Wendy's says higher beef costs are eating into its profit.
The hamburger chain on Thursday reported a lower-than-expect profit for its third quarter, noting that beef costs were "much higher than our initial projections." It also said it expects the "record high" costs to continue. A day earlier, Burger King's biggest U.S. franchisees, Carrols Restaurant Group, said its beef cost were up 32 percent from the year-ago quarter.
McDonald's and Chipotle have also said they faced higher beef prices in the quarter and that they expect the pressure to continue.
During an earnings call last month, Chipotle Chief Financial Officer John Hartung chalked up the cost increase to "strong demand and tight supply." He said the elevated costs are expected to continue as livestock producers "rebuild their herds after two years of drought conditions."
Fast-food companies can deal with higher ingredient costs in a variety of ways, without necessarily passing on all the costs to customers. Arby's CEO Paul Brown, for instance, has said the company can promote other items, such as chicken sandwiches. Wendy's also promoted its pulled pork sandwiches in the most recent quarter, although the company didn't cite beef costs as the reason for doing so.
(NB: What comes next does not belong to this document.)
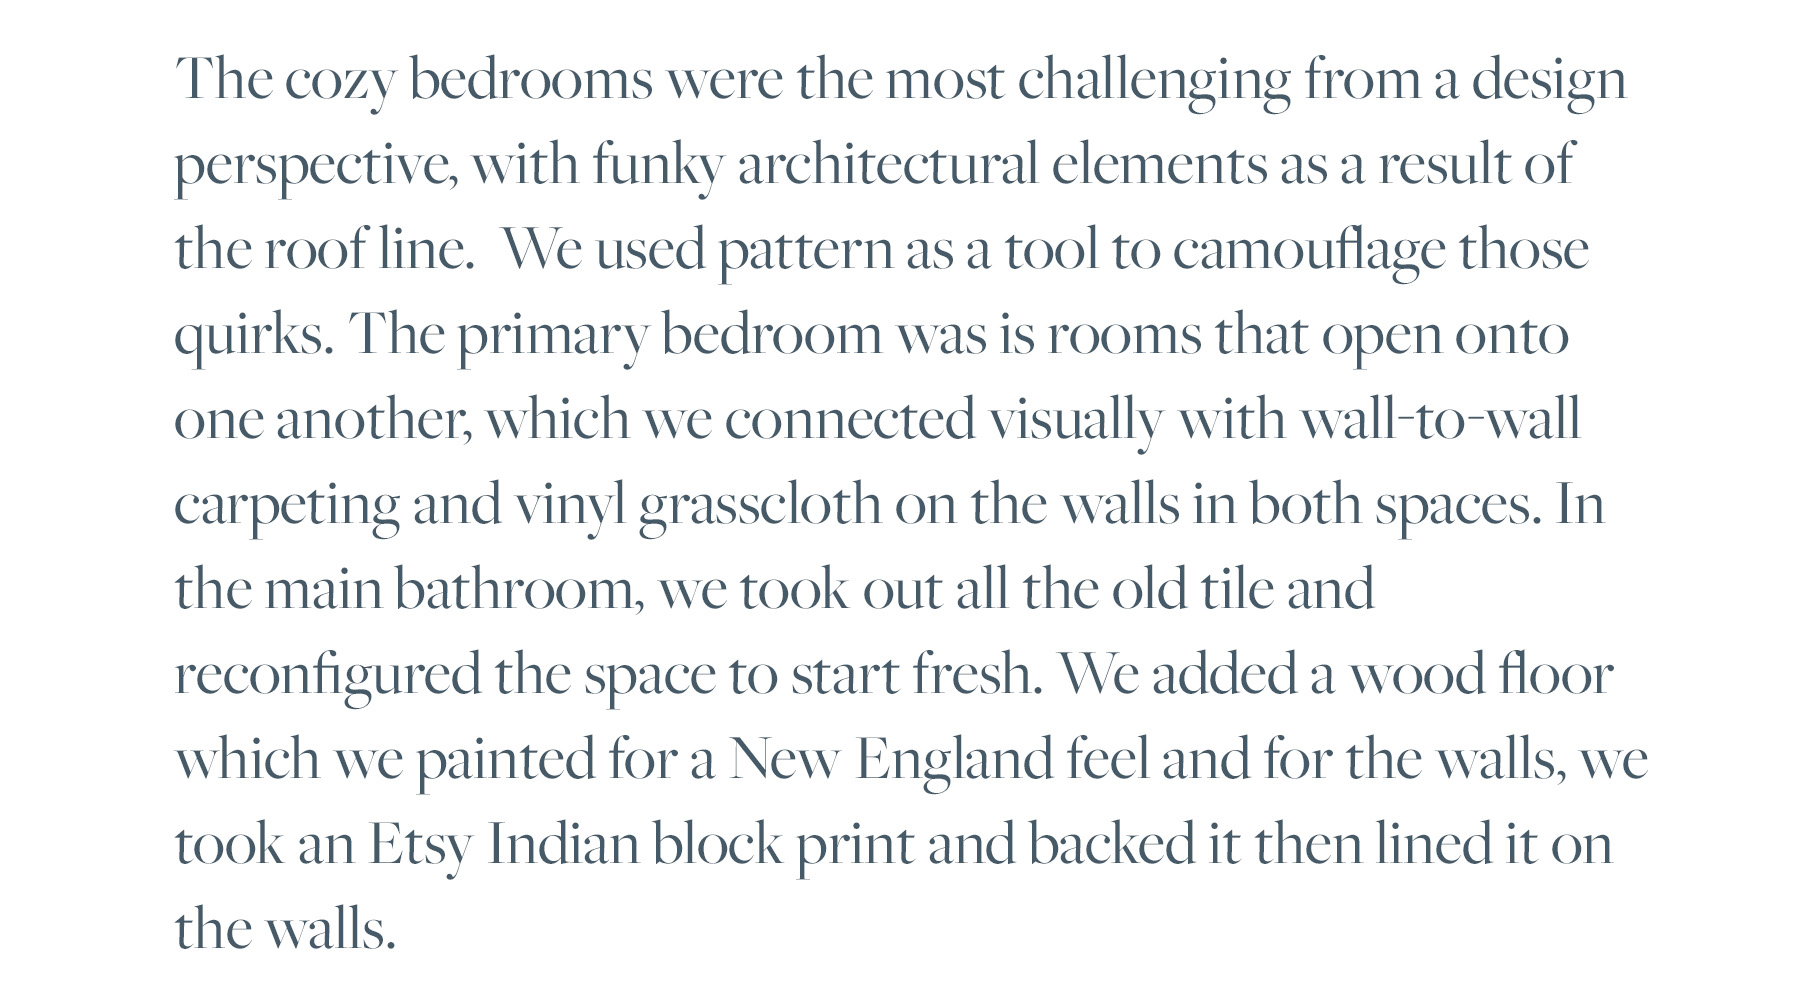 The cozy bedrooms were the most challenging from a design perspective, with funky architectural elements as a result of the roof line. We used pattern as a tool to camouflage those quirks. The primary bedroom was is rooms that open onto one another, which we connected visually with wall-to-wall carpeting and vinyl grasscloth on the walls in both spaces. In the main bathroom, we took out all the old tile and reconfigured the space to start fresh. We added a wood floor which we painted for a New England feel and for the walls, we took an Etsy Indian block print and backed it then lined it on the walls. 
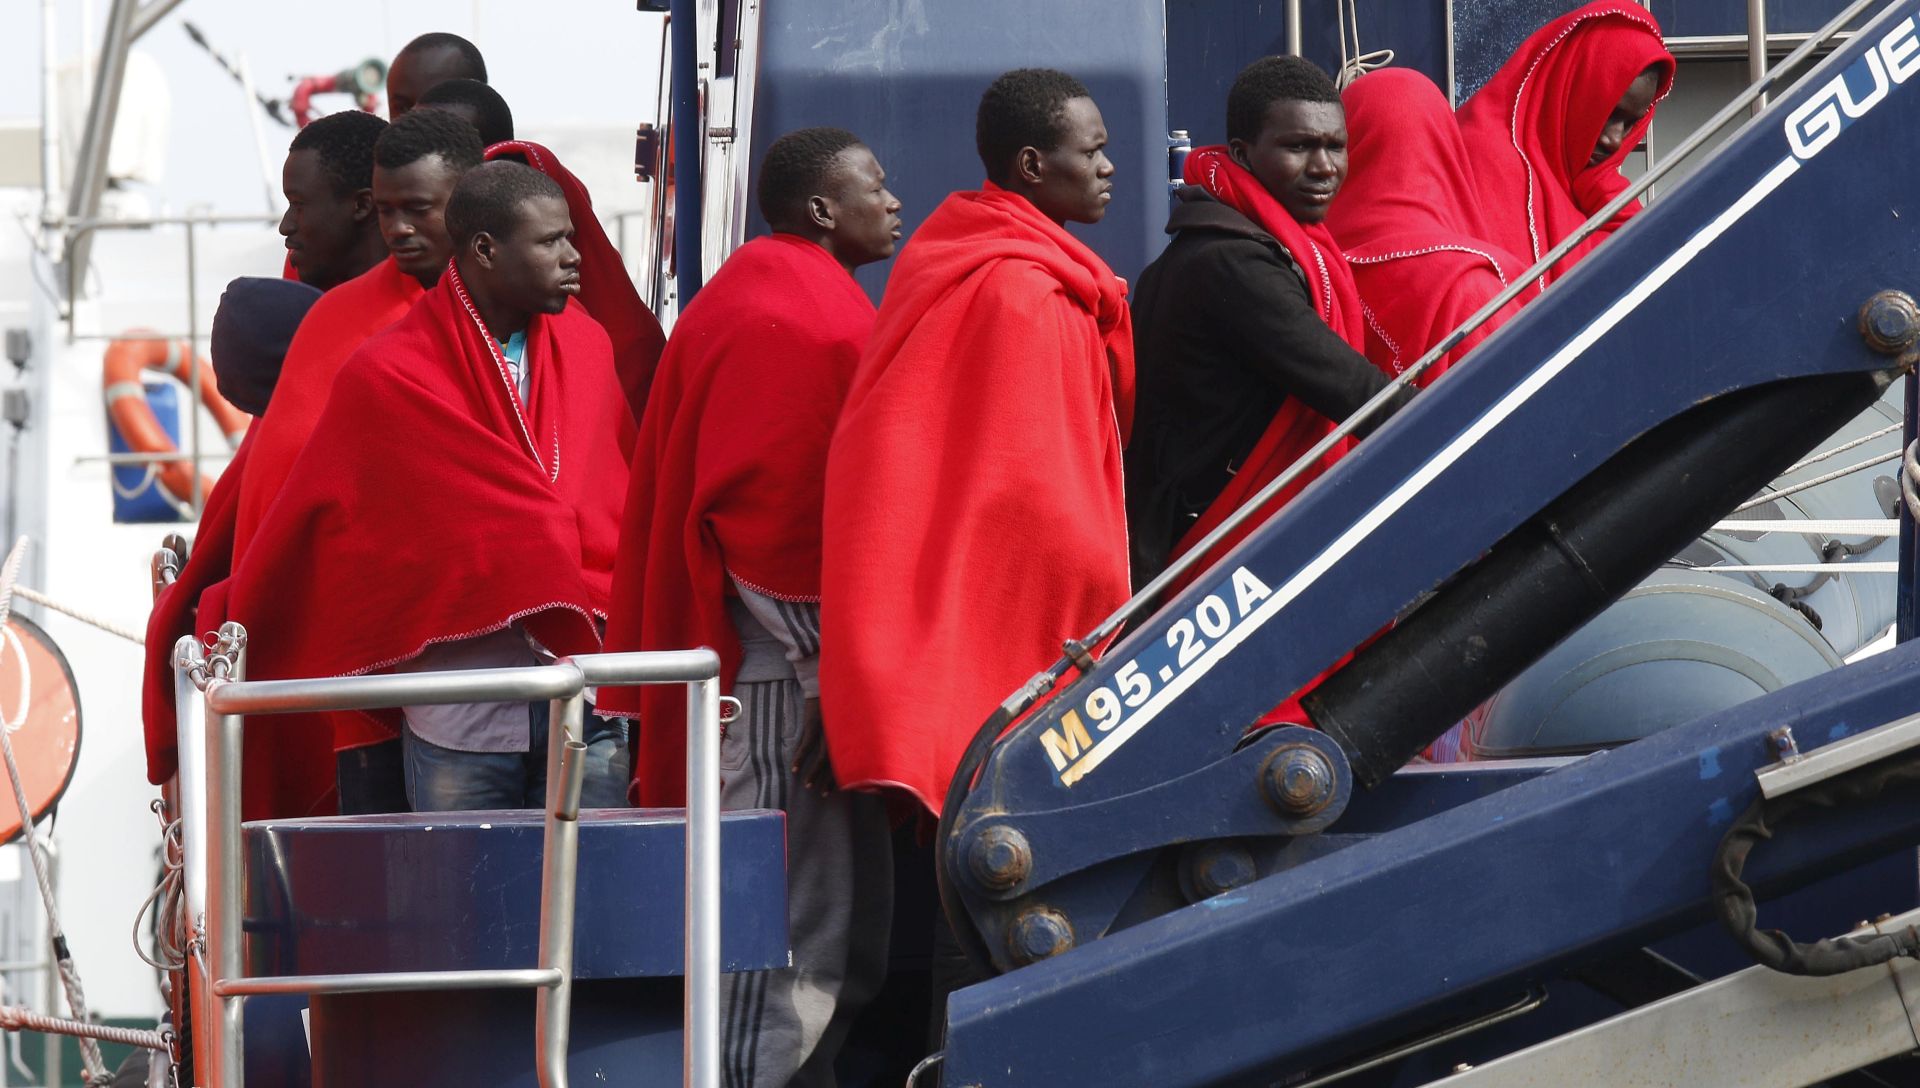 epa05860410 Some of the 32 migrants that have been rescued by Spanish Nary Rescue members arrive in the port of Almeria, Spain, 20 March 2017. A group of reportedly 32 migrants were rescued by the Spanish Navy when they travelled some 18 milles off the coast of the Alboran Island.  EPA/CARLOS BARBA

Alex Macedo, president of Burger King's North American region, also said this week the company is working with franchisees to reduce overall restaurant costs to offset the higher beef costs. And Wendy's said Thursday it plans take actions to reduce costs by $30 million, primarily through the "realignment" of its U.S. field operations and savings at its restaurant support center in Dublin, Ohio.
It's not just beef costs that are pressuring Wendy's profit margins, however. The company is redesigning its restaurants as part of a push to recast itself as a more premium fast-food chain, akin to Panera. The closure of restaurants during the renovations hurts overall sales and profitability. But Wendy's has stressed the new restaurant designs ultimately help boost sales.
For the quarter, The Wendy's Co. said sales rose 2 percent at company-owned locations, and 0.5 percent at franchise-owned locations. It attributed the difference to the higher number of company-owned restaurants that have the new look.
Looking ahead to next year, Wendy's also expects profit to be pressured by minimum wage increases and the implementation of the Affordable Care Act, which requires large employers to provide insurance to full-time workers.
For the quarter, it earned $22.8 million, or 6 cents per share. Excluding one-time items, it earned 8 cents per share, which was a penny shy of Wall Street expectations, according to Zacks Investment Research.
Revenue of $512.5 million also fell short of the $516.7 million analysts expected.
Wendy's said it still expects full-year earnings in the range of 34 cents to 36 cents per share.